The coding sequences of the N-terminal region of TSP-2 (aa 18-550 of human TSP-2) and the Fc region of human IgG1 (hinge and CH′′ and CH3 domains) were obtained by PCR and cloned into the the NheI and BamHI sites of a modified pCEP4 expression vector  that contains a cytomegalovirus enhancer/promoter, the EBNA-1 gene, and a puromycin selection cassette. Human 293-EBNA cells were stably transfected with the expression vector using the Fugene transfection reagent (Roche).
The secreted fusion protein was purified from serum-free culture medium by using affinity chromatography with Protein G Sepharose (GE Healthcare Europe). The fusion protein was eluted with 0.1 M glycine (pH 2.7), and each fraction was neutralized with 1 M Tris–HCl (pH 9.0). After dialysis the protein was stored at −80°C. The protein concentration was determined using the BCA protein assay kit (Pierce).
Twenty-four-well plates were coated with 300 μl Matrigel (BD Pharmingen) and incubated for 1 h at 37°C. HDMEC (1 × 105 cells) in ECGM-MV containing VEGF (20 ng/ml) were seeded into duplicate and observed at 12 h. The formation of tube-like structures was analyzed using an Olympus IX51 microscope. Images were captured and computer-assisted analyses of tube length were performed using the Photoshop CS3 software (Adobe Systems).

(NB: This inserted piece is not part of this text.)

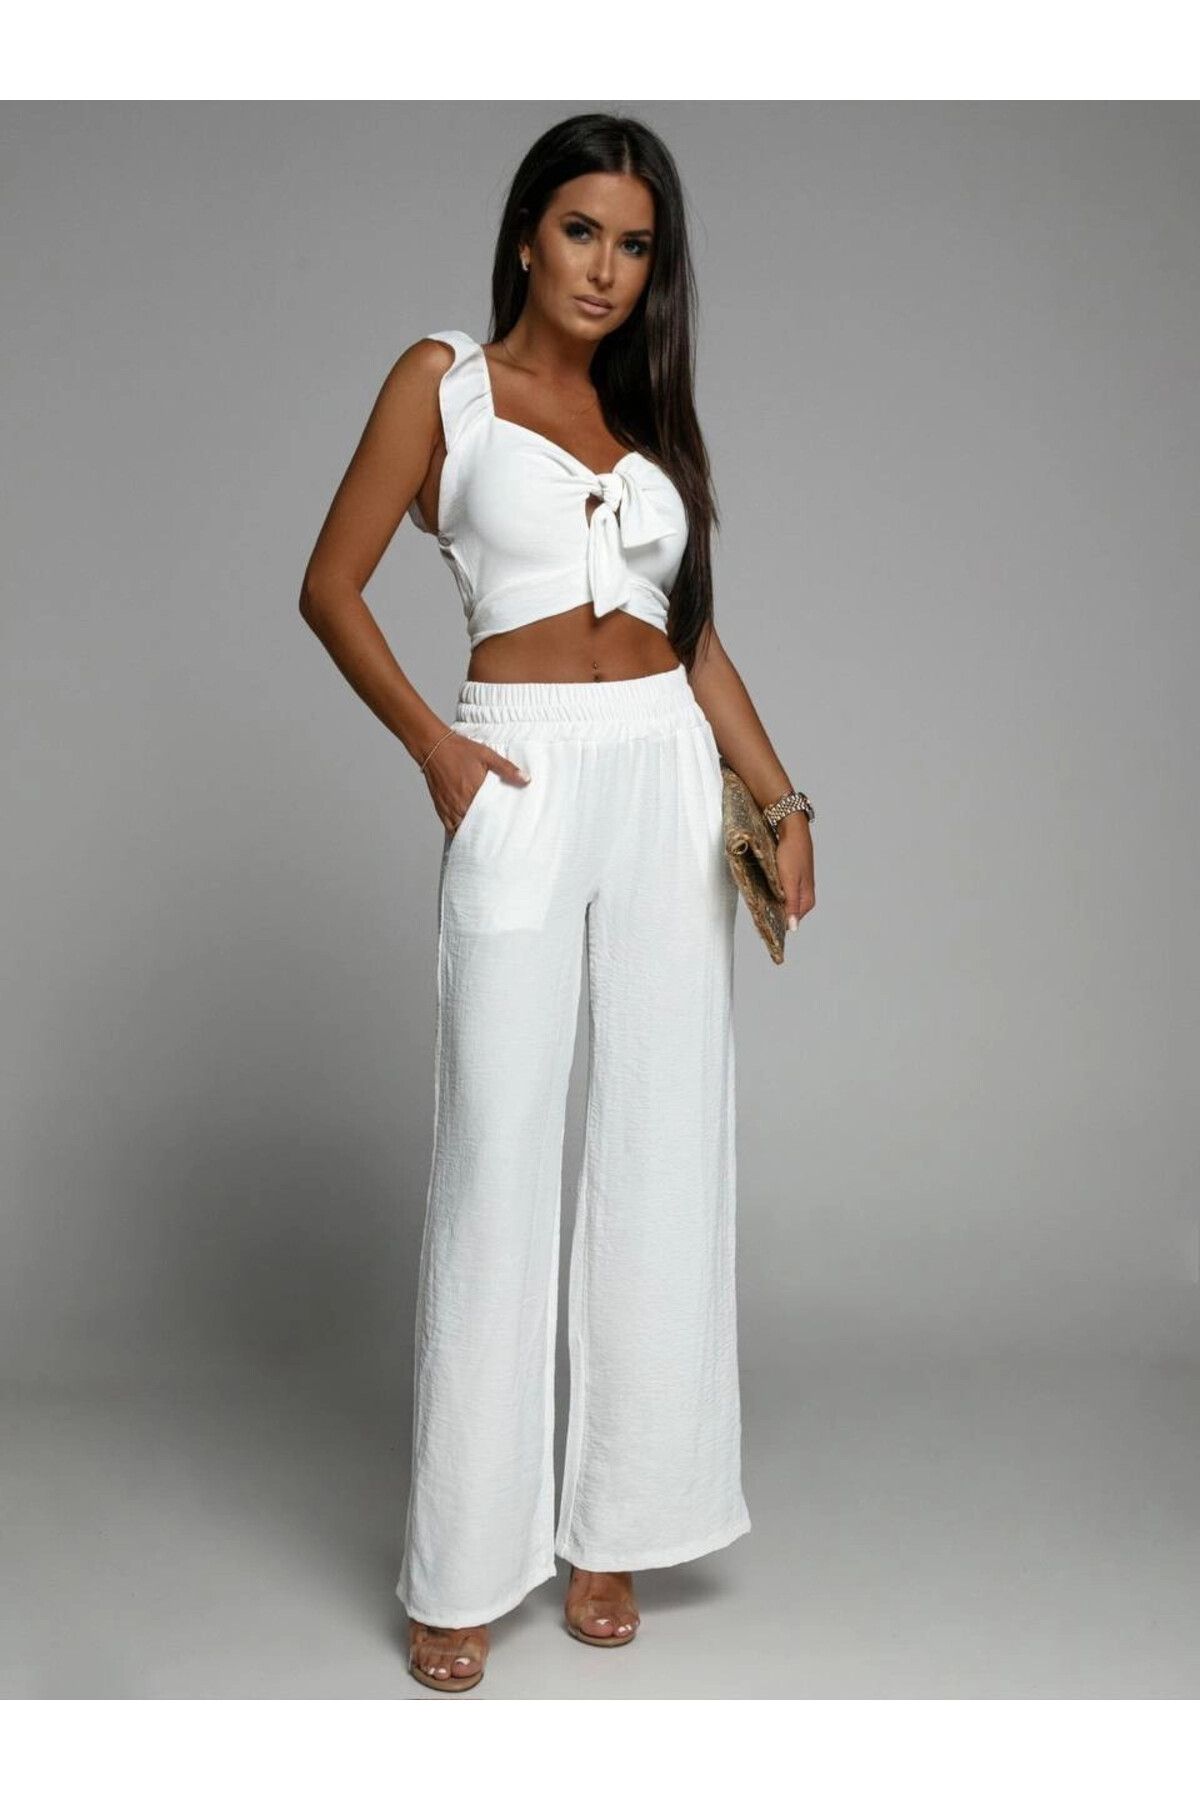 hazelin Kadın Beyaz İthal Keten Kumaş Fiyonk Detaylı Askılı Crop Pantolon İkili Takım HZL24S-FRY122081

Primary HDMEC incubated in ECGM containing VEGF165 (R&D Systems) at a concentration of 20 ng/ml were incubated with 40 μg/ml of N-TSP2-Fc with or without concurrent addition of 10 μg/ml of blocking CD36 antibody (Abcam) for 72 h. Apoptosis was evaluated by using a procedure similar to that described by Nicoletti et al. . Briefly, a pellet containing 1 × 106 HDMEC was gently resuspended in 500 ml of hypotonic fluorochrome solution containing 0.1% Triton X-100 (Sigma), 0.1% sodium citrate, and 50 mg/ml propidium iodide (Sigma). After overnight incubation the cell suspensions were assayed by flow cytometry analysis of cellular DNA content on a FACSCalibur equipment (Becton-Dickinson Immunocytometry Systems) using CellQuest software (Becton-Dickinson Immunocytometry Systems).
Human dermal microvascular endothelial cells cultured in ECGM containing VEGF165 (R&D Systems) at a concentration of 20 ng/ml were incubated with 40 μg/ml of N-TSP2-Fc with or without concurrent addition of 10 μg/ml of blocking CD36 antibody (Abcam) for 72 h. The mitochondrial membrane potential was analyzed using the JC-1 mitochondrial membrane potential detection kit (Biotium).
Human dermal microvascular endothelial cells were treated with N-TSP2-Fc (final concentration 40 μg/ml) with or without concurrent addition of 10 μg/ml of blocking CD36 antibody (Abcam) for 72 h. Cell lysates from HDMEC were separated on SDS/PAGE under reducing conditions and transferred to nitrocellulose membranes (HybonD-ECL, GE Healthcare Europe, Munich, Germany) and then immunoblotted with a rabbit anti-human active caspase-3 polyclonal antibody (BD Pharmingen). The specifically bound antibody was detected using the enhanced chemiluminescence kit (Millipore). The bands were analyzed using the Kodak image system (Kodak).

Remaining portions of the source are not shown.